As to scale of impoverishment, I recall that the Association of Concerned Teachers once used to call public school teachers “the new national animal,” having replaced the carabao for that dubious honor. No profession is more grossly overworked and underpaid. Which is why public schools often resemble a tiangge, the teachers supplementing their income by selling tocino and bra payable in four “gives.” But which is better than soldiers supplementing their income by enforcing drug and gambling activities and robbing banks.
But raising pay alone won’t make them better teachers, or draw better entrants to the fold, any more than raising reporters’ pay will make them less prone to corruption, or draw better-quality recruits. The only way really that you can do that is by appealing to idealism, particularly youthful idealism in the case of prospective recruits. That is not as unrealistic or unreasonable as it sounds. The best and brightest of my generation were drawn to activism like moth to flame or like knight to lonely quest on the strength of it, on the heroic notion of changing the country, if not the world, even if one had to give up one’s life for it.
There’s no lack of encouragement from the movies for such a choice in life. Only recently I saw a powerful one in the form of “Freedom Writers,” which tells of a young teacher’s miraculous feat of turning a “hopeless” group of kids mired in a culture of death and violence into achieving students. There’s a lot more where that came from.
You do need to change the environment, too, to make that choice an attractive one. The appeal of activism in my time also rested to a great extent on the public acceptance, if a violently grudging one by parents (something I can appreciate only now as a parent), of activism as a noble, if quixotic, calling. Teaching isn’t greatly admired these days, publicly or privately.
That isn’t helped by sayings, though quite witty ones, like, “People who can’t do, teach.” As horrendous, and foolish, a belief as you can find, many teachers also being great doers. In any case, I don’t know that Alexander, who did, would ever surpass -- or even come close to -- Aristotle, who taught. It’s not helped either by songs like Juan de la Cruz’s “Titser: Public Enemy Number 1” or Pink Floyd’s “The Wall” ("We don’t need no education”) at least where they are taken out of context. For all its seeming anarchy though, “Titser” is just being playful, not cruel.

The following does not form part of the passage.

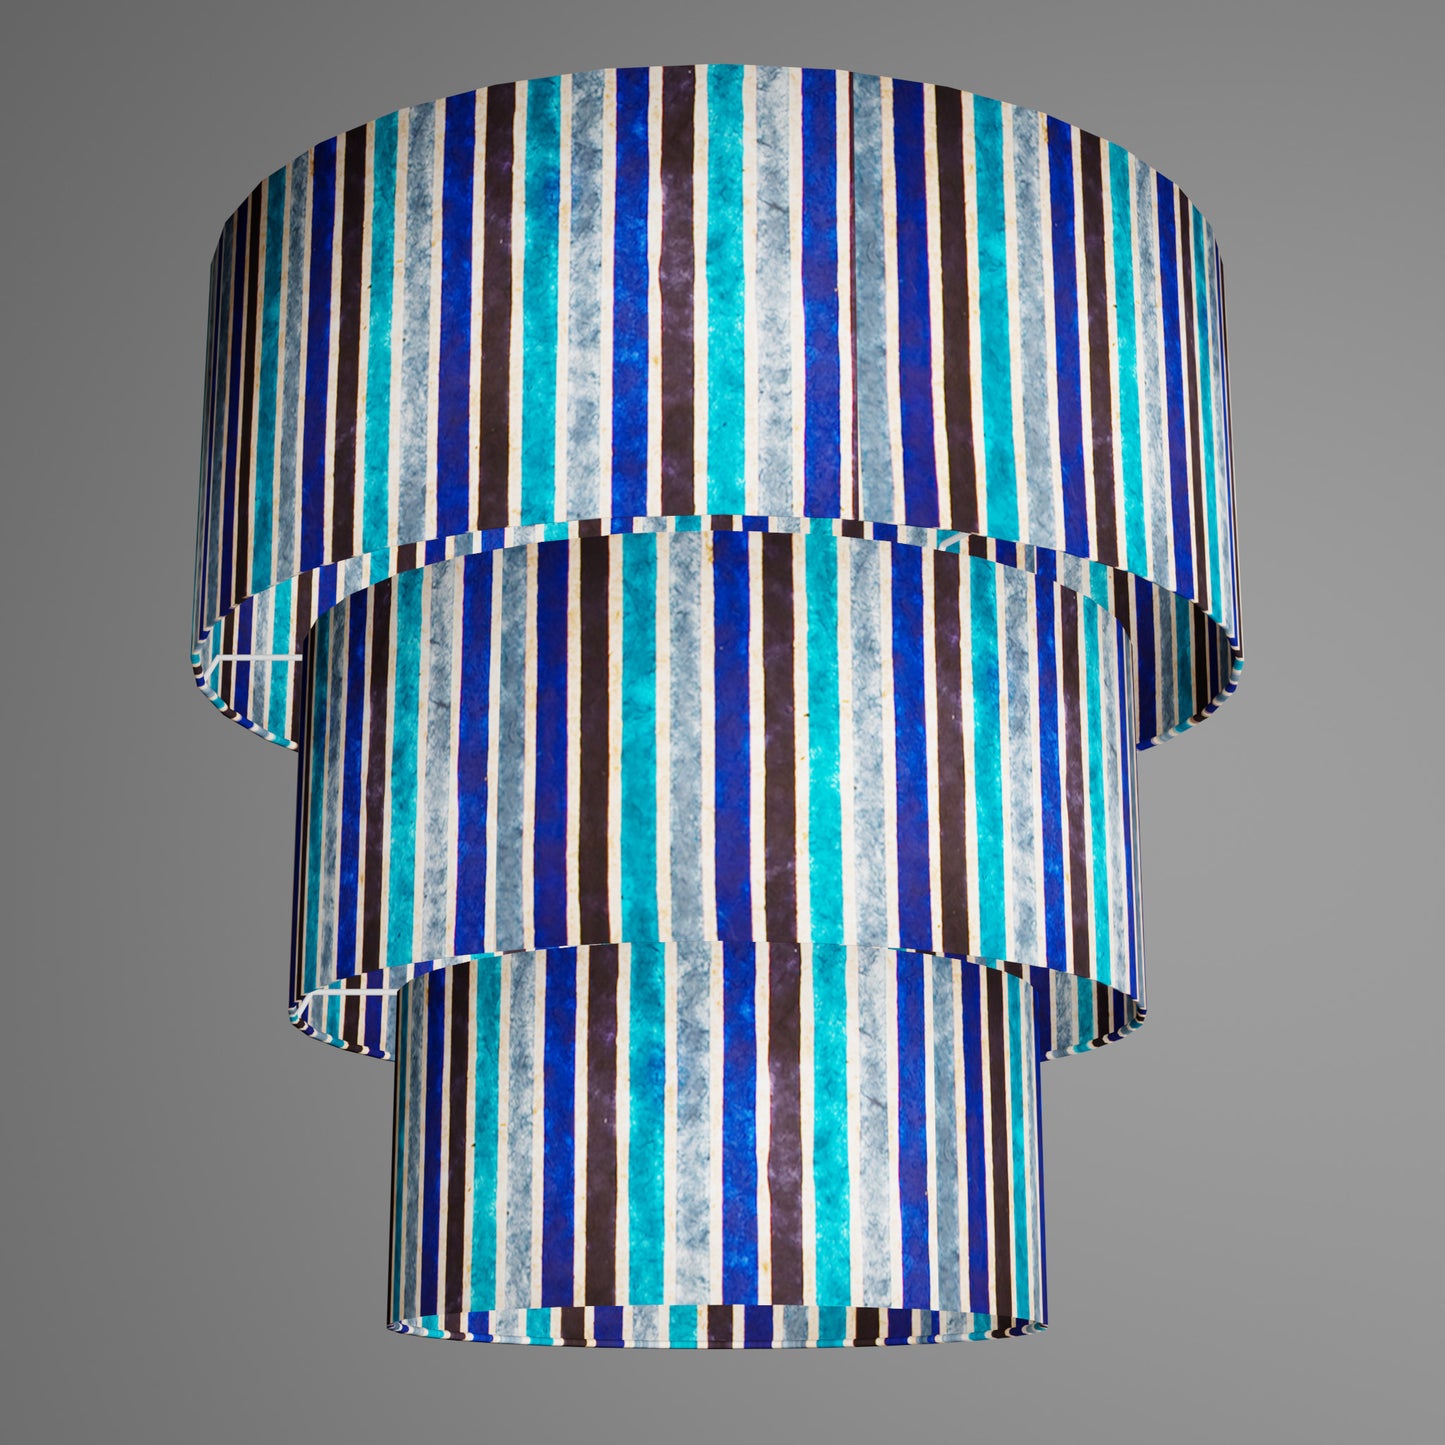 3 Tier Lamp Shade - P05 - Batik Stripes Blue, 50cm x 20cm, 40cm x 17.5cm & 30cm x 15cm

Certainly, it is not helped by lauding teachers as the CEOs of schools. That is not a promotion, that is a demotion. I recall my teachers with the greatest fondness not because they managed to discipline me but because they managed to inspire me, not because they managed to put order into my life but because they managed to drive me to quest restlessly for knowledge. At their best, teachers rank among the most creative of them all, among poets, artists, and philosophers. At their best teachers produce the greatest masterpieces of all, their canvasses being young minds, vast as the universe itself, their opuses, as “Mr. Holland’s Opus” shows, being the army of students sparked with the love of learning.
At their best, teachers don’t just teach, they do.